§ **Directions**:
Please reproduce each line of the data below exactly as shown.

------ Entries provided ------

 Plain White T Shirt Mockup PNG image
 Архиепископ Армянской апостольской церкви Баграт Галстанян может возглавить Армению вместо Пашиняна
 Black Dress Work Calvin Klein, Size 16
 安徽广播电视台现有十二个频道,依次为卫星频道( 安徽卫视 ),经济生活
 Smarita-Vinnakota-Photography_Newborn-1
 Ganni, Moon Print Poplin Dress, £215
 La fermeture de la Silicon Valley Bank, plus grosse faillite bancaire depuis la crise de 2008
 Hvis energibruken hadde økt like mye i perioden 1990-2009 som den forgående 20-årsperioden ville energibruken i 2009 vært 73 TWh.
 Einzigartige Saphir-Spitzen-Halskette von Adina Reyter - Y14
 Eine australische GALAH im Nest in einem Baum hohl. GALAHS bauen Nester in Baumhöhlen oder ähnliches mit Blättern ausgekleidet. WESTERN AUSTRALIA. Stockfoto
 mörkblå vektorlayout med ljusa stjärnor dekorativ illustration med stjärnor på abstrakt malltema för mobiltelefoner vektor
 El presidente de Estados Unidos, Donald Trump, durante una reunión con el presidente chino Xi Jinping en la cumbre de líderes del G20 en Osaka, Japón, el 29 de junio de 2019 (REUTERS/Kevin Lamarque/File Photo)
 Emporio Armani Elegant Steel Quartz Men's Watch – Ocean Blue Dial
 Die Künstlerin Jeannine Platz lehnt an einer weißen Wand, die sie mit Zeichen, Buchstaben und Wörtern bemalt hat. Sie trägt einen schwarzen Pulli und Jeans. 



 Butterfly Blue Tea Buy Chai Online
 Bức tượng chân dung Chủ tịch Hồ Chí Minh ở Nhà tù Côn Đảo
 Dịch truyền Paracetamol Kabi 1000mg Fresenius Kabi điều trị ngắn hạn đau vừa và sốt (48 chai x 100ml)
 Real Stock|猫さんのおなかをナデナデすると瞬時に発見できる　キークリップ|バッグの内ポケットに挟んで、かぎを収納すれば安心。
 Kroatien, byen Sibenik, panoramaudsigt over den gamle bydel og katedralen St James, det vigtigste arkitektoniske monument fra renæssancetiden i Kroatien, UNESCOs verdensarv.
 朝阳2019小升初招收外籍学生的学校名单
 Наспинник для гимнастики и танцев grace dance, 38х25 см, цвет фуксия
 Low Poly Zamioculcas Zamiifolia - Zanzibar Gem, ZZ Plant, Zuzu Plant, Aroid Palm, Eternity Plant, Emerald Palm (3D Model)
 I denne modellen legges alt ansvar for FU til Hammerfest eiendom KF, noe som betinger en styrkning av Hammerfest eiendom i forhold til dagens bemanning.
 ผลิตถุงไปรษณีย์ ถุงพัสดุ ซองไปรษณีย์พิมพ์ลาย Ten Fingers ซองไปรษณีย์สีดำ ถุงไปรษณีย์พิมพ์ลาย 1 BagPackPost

------

§ **Result**:
 Plain White T Shirt Mockup PNG image
 Архиепископ Армянской апостольской церкви Баграт Галстанян может возглавить Армению вместо Пашиняна
 Black Dress Work Calvin Klein, Size 16
 安徽广播电视台现有十二个频道,依次为卫星频道( 安徽卫视 ),经济生活
 Smarita-Vinnakota-Photography_Newborn-1
 Ganni, Moon Print Poplin Dress, £215
 La fermeture de la Silicon Valley Bank, plus grosse faillite bancaire depuis la crise de 2008
 Hvis energibruken hadde økt like mye i perioden 1990-2009 som den forgående 20-årsperioden ville energibruken i 2009 vært 73 TWh.
 Einzigartige Saphir-Spitzen-Halskette von Adina Reyter - Y14
 Eine australische GALAH im Nest in einem Baum hohl. GALAHS bauen Nester in Baumhöhlen oder ähnliches mit Blättern ausgekleidet. WESTERN AUSTRALIA. Stockfoto
 mörkblå vektorlayout med ljusa stjärnor dekorativ illustration med stjärnor på abstrakt malltema för mobiltelefoner vektor
 El presidente de Estados Unidos, Donald Trump, durante una reunión con el presidente chino Xi Jinping en la cumbre de líderes del G20 en Osaka, Japón, el 29 de junio de 2019 (REUTERS/Kevin Lamarque/File Photo)
 Emporio Armani Elegant Steel Quartz Men's Watch – Ocean Blue Dial
 Die Künstlerin Jeannine Platz lehnt an einer weißen Wand, die sie mit Zeichen, Buchstaben und Wörtern bemalt hat. Sie trägt einen schwarzen Pulli und Jeans. 



 Butterfly Blue Tea Buy Chai Online
 Bức tượng chân dung Chủ tịch Hồ Chí Minh ở Nhà tù Côn Đảo
 Dịch truyền Paracetamol Kabi 1000mg Fresenius Kabi điều trị ngắn hạn đau vừa và sốt (48 chai x 100ml)
 Real Stock|猫さんのおなかをナデナデすると瞬時に発見できる　キークリップ|バッグの内ポケットに挟んで、かぎを収納すれば安心。
 Kroatien, byen Sibenik, panoramaudsigt over den gamle bydel og katedralen St James, det vigtigste arkitektoniske monument fra renæssancetiden i Kroatien, UNESCOs verdensarv.
 朝阳2019小升初招收外籍学生的学校名单
 Наспинник для гимнастики и танцев grace dance, 38х25 см, цвет фуксия
 Low Poly Zamioculcas Zamiifolia - Zanzibar Gem, ZZ Plant, Zuzu Plant, Aroid Palm, Eternity Plant, Emerald Palm (3D Model)
 I denne modellen legges alt ansvar for FU til Hammerfest eiendom KF, noe som betinger en styrkning av Hammerfest eiendom i forhold til dagens bemanning.
 ผลิตถุงไปรษณีย์ ถุงพัสดุ ซองไปรษณีย์พิมพ์ลาย Ten Fingers ซองไปรษณีย์สีดำ ถุงไปรษณีย์พิมพ์ลาย 1 BagPackPost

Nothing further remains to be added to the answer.